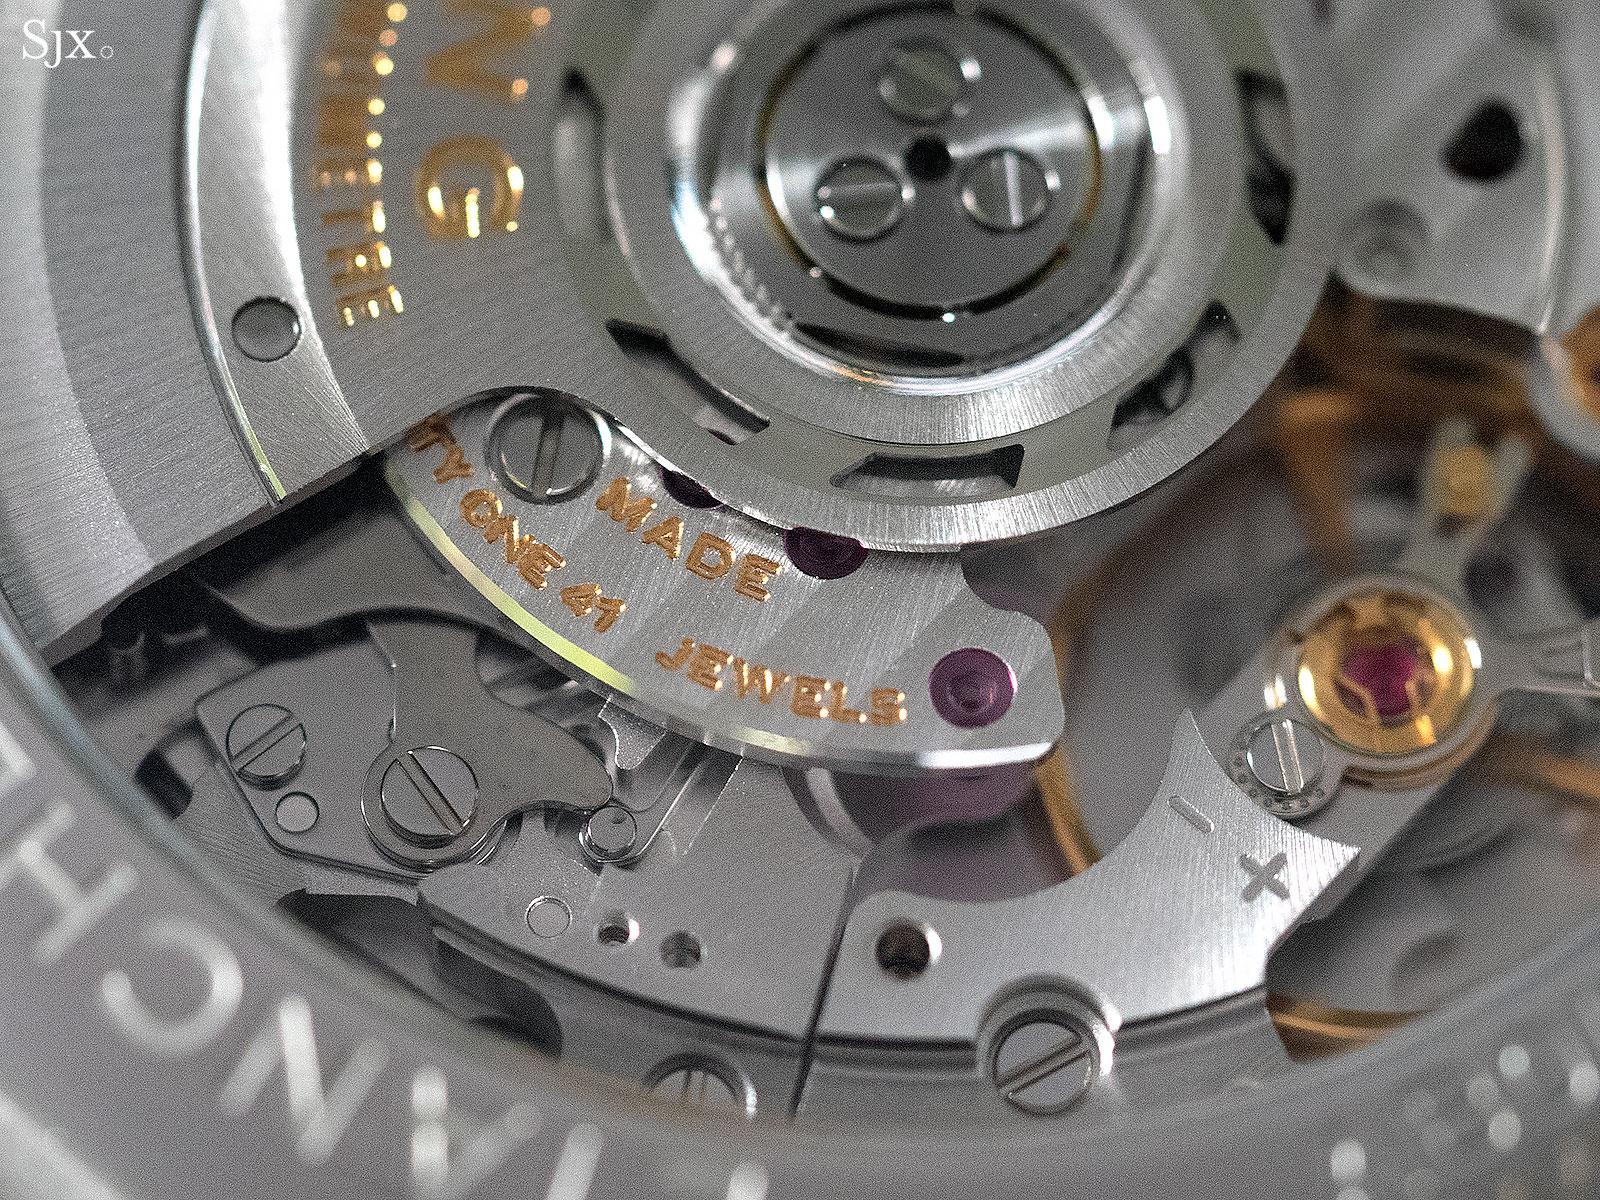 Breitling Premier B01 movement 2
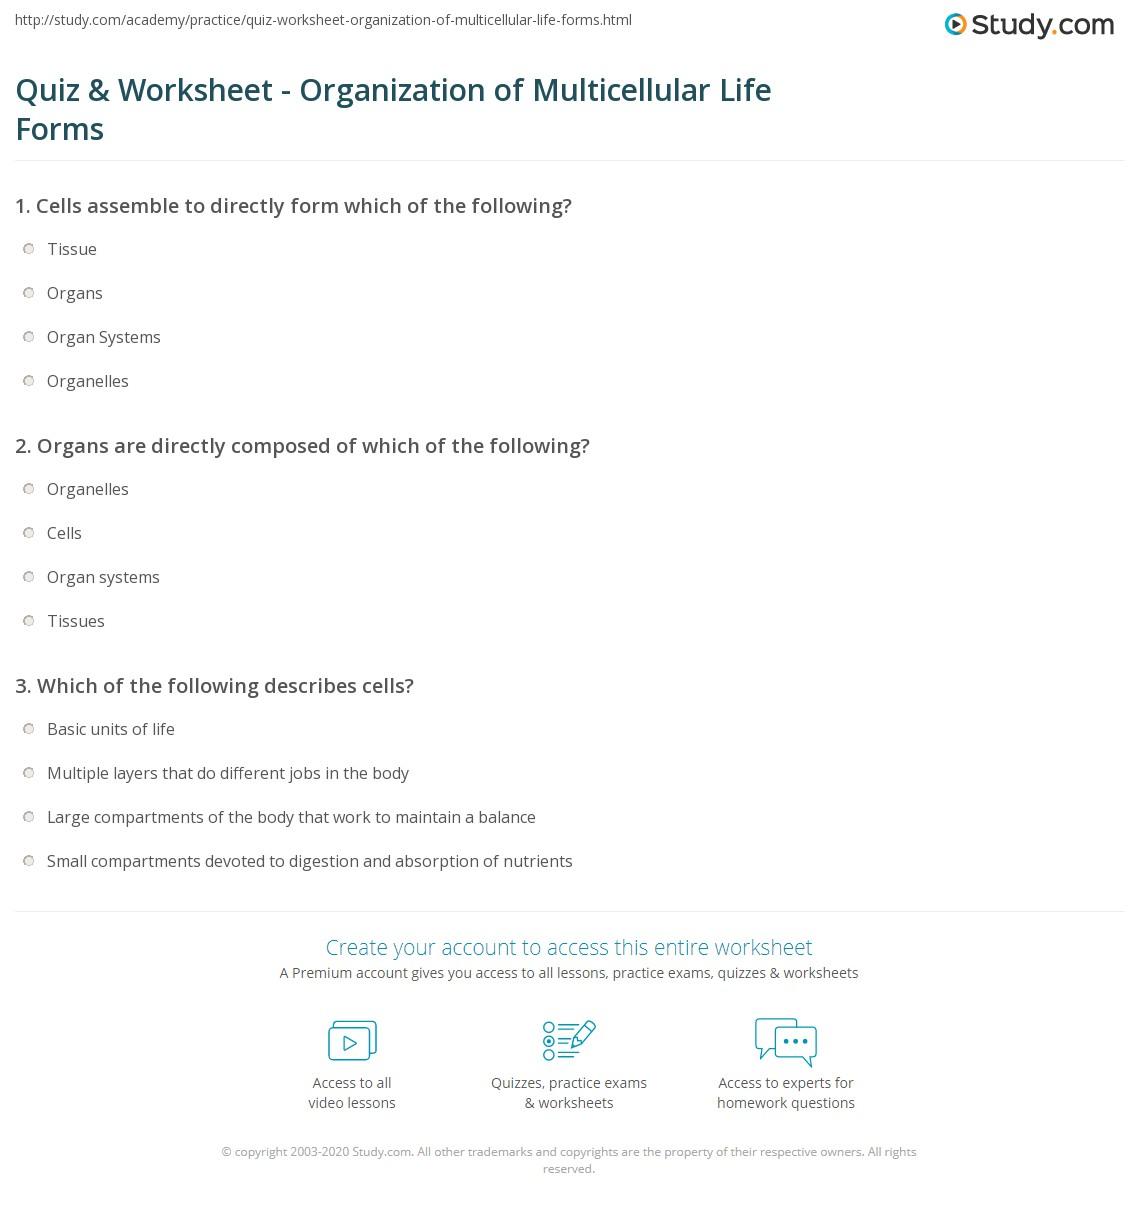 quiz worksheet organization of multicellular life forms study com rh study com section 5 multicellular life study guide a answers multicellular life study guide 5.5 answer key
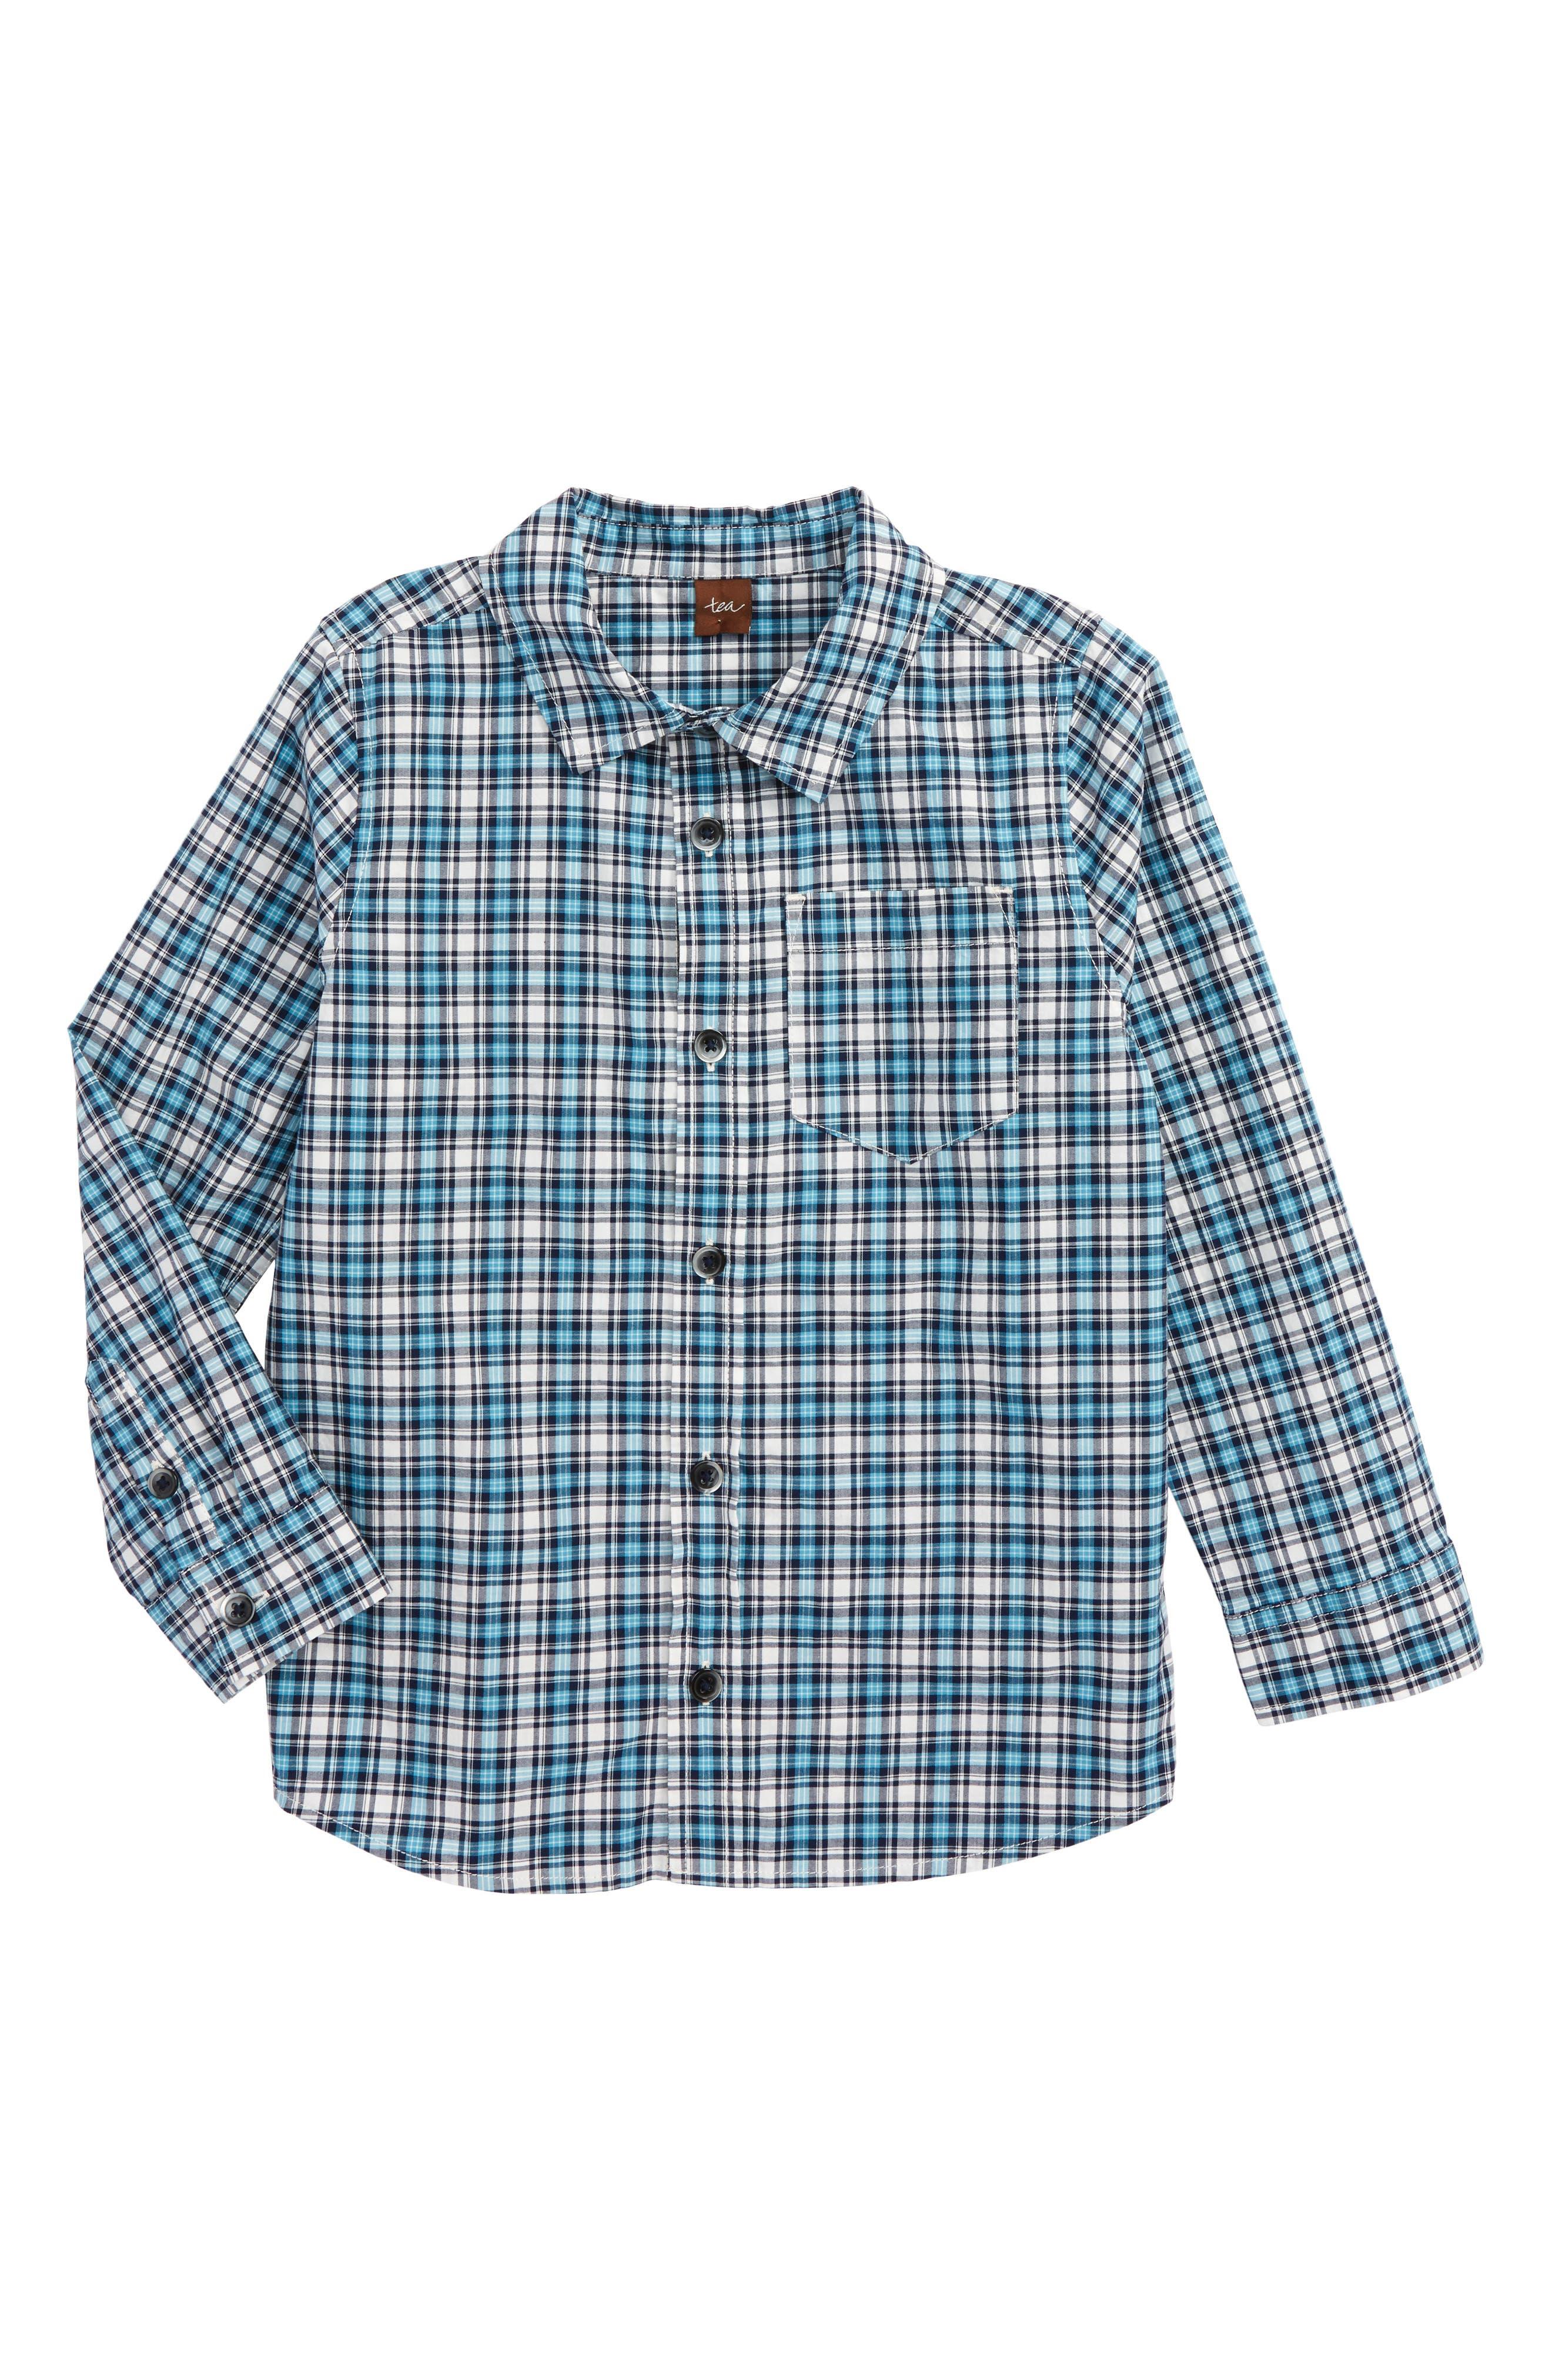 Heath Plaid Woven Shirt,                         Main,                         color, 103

☆ ☆ ☆ ☆ ☆ ☆ ☆

## TASK TO CARRY OUT
Except for the pictures, return every line of the material exactly.

## RESPONSE TO THE EXERCISE
 Breitling Premier B01 movement 2
 quiz worksheet organization of multicellular life forms study com rh study com section 5 multicellular life study guide a answers multicellular life study guide 5.5 answer key
 Heath Plaid Woven Shirt,                         Main,                         color, 103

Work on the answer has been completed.